# [EVDL] BYU streamliner crashes at 170 mph



## EVDL List (Jul 27, 2007)

Thats a shame, but hopefully they've gotten some very valuable experience
and data.
-------------- next part --------------
An HTML attachment was scrubbed...
URL: http://lists.sjsu.edu/mailman/private/ev/attachments/20100820/e3ba7fa1/attachment.html 
_______________________________________________
| REPLYING: address your message to [email protected] only.
| Multiple-address or CCed messages may be rejected.
| UNSUBSCRIBE: http://www.evdl.org/help/index.html#usub
| OTHER HELP: http://evdl.org/help/
| OPTIONS: http://lists.sjsu.edu/mailman/listinfo/ev


----------



## EVDL List (Jul 27, 2007)

BUMMER! Thankful that the news is not any worse. We hope that the driver
heals quickly.You all have our best wishes on the upcoming rebuild. -Tom
True & the EV Parts Team

On Fri, Aug 20, 2010 at 10:52 AM, David Dymaxion


> <[email protected]>wrote:
> 
> > See message below.
> >
> ...


----------



## EVDL List (Jul 27, 2007)

I am glad the driver is OK. I guess under the circumstances only bruised is
a pretty good outcome. Funny things happen at those speeds. I was
astounded to find out the British car that broke the sound barrier had REAR
STEERING! How unintuitive is that?

I hope they had a camera running in the BYU car, the driver may not remember
much about the circumstances leading up to the crash.
Stephen Chapman



> Thos True <[email protected]> wrote:
> 
> > BUMMER! Thankful that the news is not any worse. We hope that the driver
> > heals quickly.You all have our best wishes on the upcoming rebuild. -Tom
> ...


----------



## EVDL List (Jul 27, 2007)

Thanks to David for posting all this for us, I guess I shouldn't use him as
my news service since I am on this list too! LOL

Anyway for just a bit more info, the car got loose at what the driver
estimates was about 170 and rolled onto the right side then the roof. It
stayed on the roof and slid to a stop (with the help of the parachute). As
has been mentioned the safety requrements are indeed pretty strict, and for
good reason. That is why the driver walks away. They say that there were
many more spins and crashes this year for some reason, but no serious
injury. That is a good thing for sure.

We will now be taking a serious look at many aspects of the design (duh) and
deciding what our course of action will be for the future. We don't have
the data out of the car yet, but we do have the on car video. I hope we
continue the project for sure, but it could be at least a year before we try
again. With our funding for the car about gone I don't know what will
happen. It has been six years to get this far, don't want it all to be a
waste. The hard thing about land speed racing is that you really have no
where to test, so you build and then test at the track.

On the good side, the drivetrain, batteries, chargers and all the safety
equipment worked flawlessly.
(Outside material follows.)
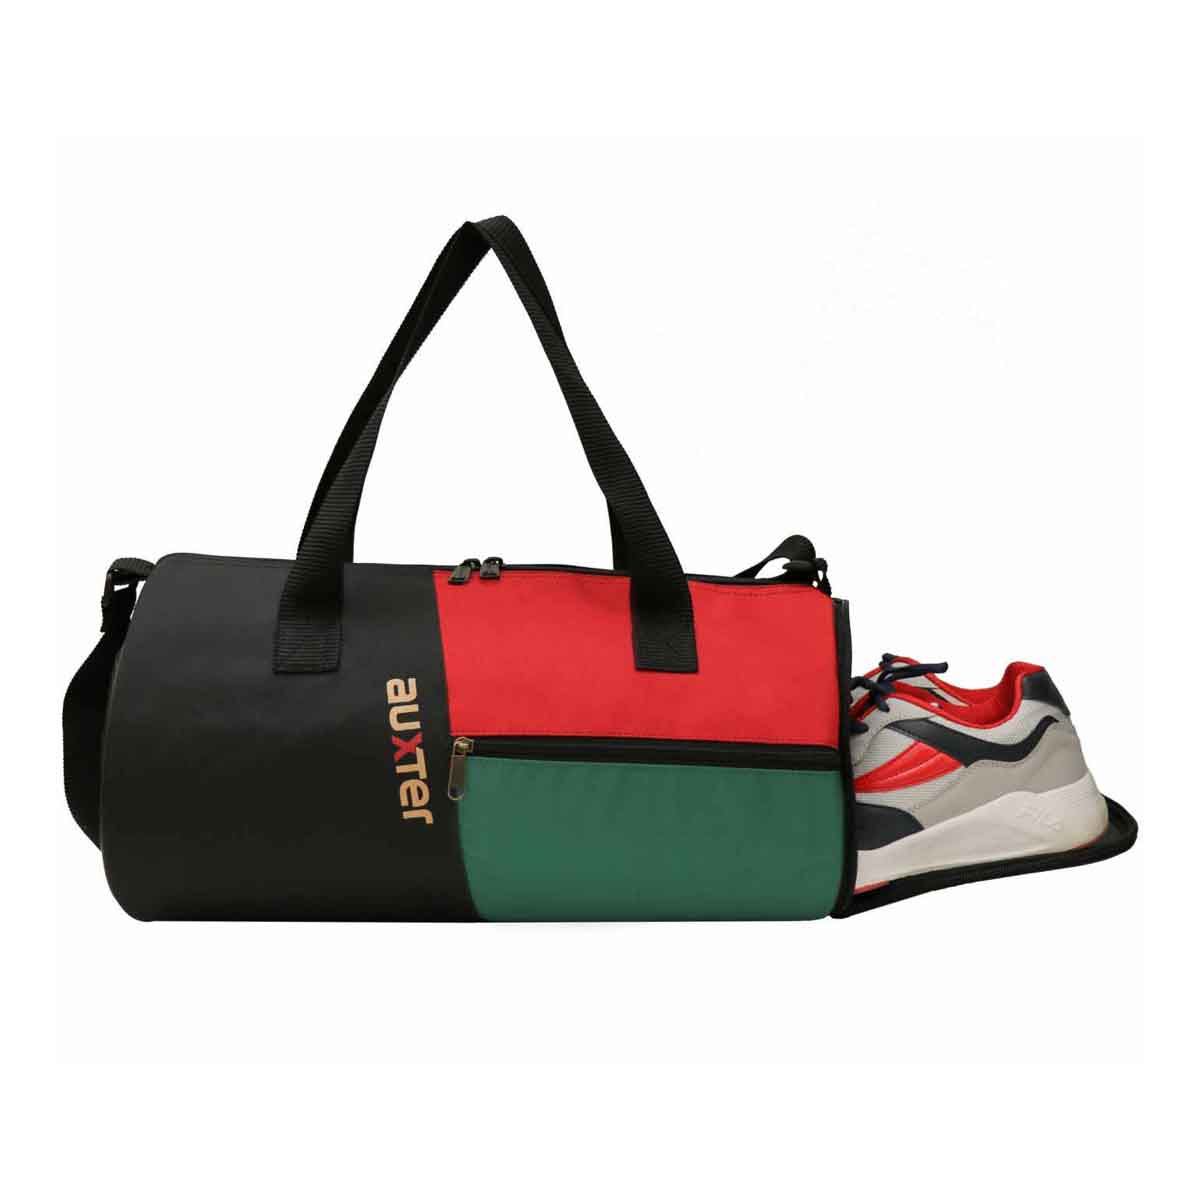 Auxter Premium Black / Green Sports Duffel Gym Bag with Shoe Compartment

Also of interest is Ohio States Buckeye Bullet
was there with a new battery system to replace the hydrogen fuel cells. The
were using the larger A123 cells (three thousand plus) and running about
650 volts. They hadn't run yet before we left today.
Kelly Hales
BYU Streamliner team

PS Mike W. if you are reading this could you resend your tire questions, I
lost that post in cyberspace somewhere and would like to respond without
going from my poor memory.


> Bill Dube <[email protected]> wrote:
> 
> > The safety equipment required for a streamliner is astounding. It is
> > also why folks rarely get seriously injured in a streamliner. The
> ...


----------



## EVDL List (Jul 27, 2007)

I had just seen the blurb on your website stating that you had new drag racing rims. Was wondering if you were using the skinny
front rims, on all wheels, from a dragster and if you use drag tires or if there is a special "salt" version.
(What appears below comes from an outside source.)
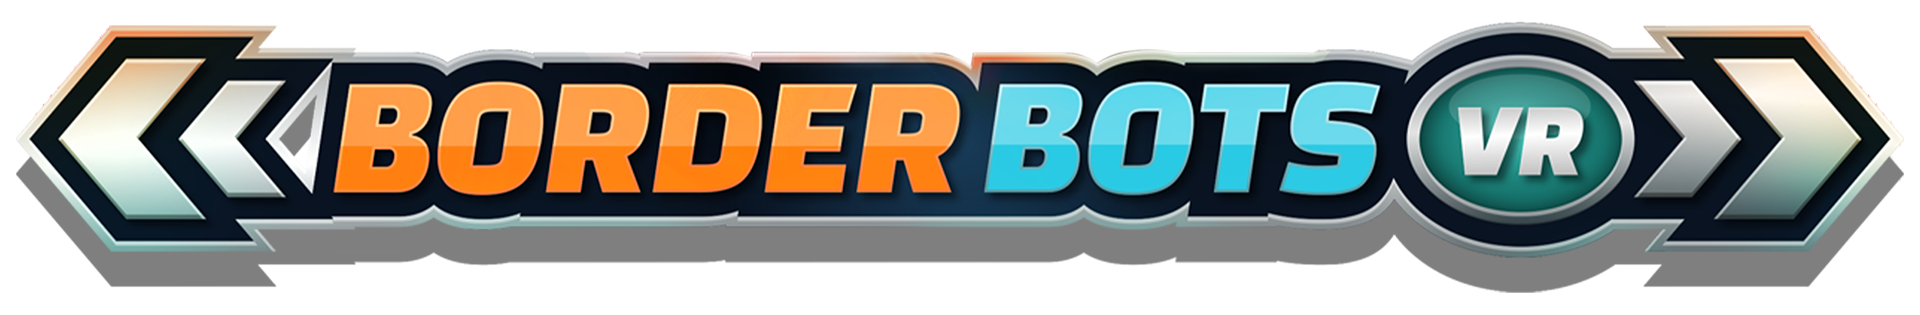 Border Bots logo

I hear yah on the difficulty on finding the place to test LSR machines. Just remember Roger Hedlund who raced the "Battery Box" in
the early 70's on the salt for a decade long record holding also practiced at the drag strip. That's why we now have NEDRA. And
that's also why I'm "trying" to get the National Auto Museum in Reno to have the Battery Box on display on the salt in September. 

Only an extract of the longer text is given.